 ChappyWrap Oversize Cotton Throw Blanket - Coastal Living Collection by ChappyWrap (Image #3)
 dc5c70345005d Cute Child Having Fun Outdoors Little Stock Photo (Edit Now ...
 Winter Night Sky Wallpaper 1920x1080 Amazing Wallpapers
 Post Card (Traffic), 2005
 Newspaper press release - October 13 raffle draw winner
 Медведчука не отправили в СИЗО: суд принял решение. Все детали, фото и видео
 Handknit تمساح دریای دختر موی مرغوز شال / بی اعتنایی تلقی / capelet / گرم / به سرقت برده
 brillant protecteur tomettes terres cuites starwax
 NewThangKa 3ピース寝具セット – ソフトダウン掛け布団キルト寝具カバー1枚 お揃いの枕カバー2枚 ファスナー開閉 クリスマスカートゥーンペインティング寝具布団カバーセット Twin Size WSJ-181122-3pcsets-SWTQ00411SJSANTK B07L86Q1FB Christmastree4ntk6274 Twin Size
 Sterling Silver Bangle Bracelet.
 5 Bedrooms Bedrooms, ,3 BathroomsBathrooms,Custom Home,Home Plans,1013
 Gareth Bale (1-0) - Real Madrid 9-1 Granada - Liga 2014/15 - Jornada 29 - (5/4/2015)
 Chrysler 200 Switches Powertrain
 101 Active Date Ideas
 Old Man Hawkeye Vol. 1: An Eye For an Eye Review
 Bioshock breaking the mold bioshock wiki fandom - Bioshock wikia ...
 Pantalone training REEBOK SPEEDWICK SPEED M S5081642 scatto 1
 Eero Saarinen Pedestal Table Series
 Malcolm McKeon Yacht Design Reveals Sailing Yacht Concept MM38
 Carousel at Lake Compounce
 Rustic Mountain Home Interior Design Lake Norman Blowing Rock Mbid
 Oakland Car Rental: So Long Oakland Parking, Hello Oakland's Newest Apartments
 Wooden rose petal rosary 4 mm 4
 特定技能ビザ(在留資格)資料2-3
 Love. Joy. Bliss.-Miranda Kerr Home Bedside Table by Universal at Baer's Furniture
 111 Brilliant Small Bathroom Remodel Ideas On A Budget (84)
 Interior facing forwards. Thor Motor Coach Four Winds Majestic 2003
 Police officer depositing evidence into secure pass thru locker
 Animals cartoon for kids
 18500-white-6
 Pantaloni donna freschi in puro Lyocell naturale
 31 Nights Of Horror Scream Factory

● **WHAT YOU NEED TO DO**:
An exact copy of the lines above, from the one containing "Eero Saarinen Pedestal Table Series" through the one containing "特定技能ビザ(在留資格)資料2-3", is the whole of the answer.

● **ANSWER FOR THE TASK**:
 Eero Saarinen Pedestal Table Series
 Malcolm McKeon Yacht Design Reveals Sailing Yacht Concept MM38
 Carousel at Lake Compounce
 Rustic Mountain Home Interior Design Lake Norman Blowing Rock Mbid
 Oakland Car Rental: So Long Oakland Parking, Hello Oakland's Newest Apartments
 Wooden rose petal rosary 4 mm 4
 特定技能ビザ(在留資格)資料2-3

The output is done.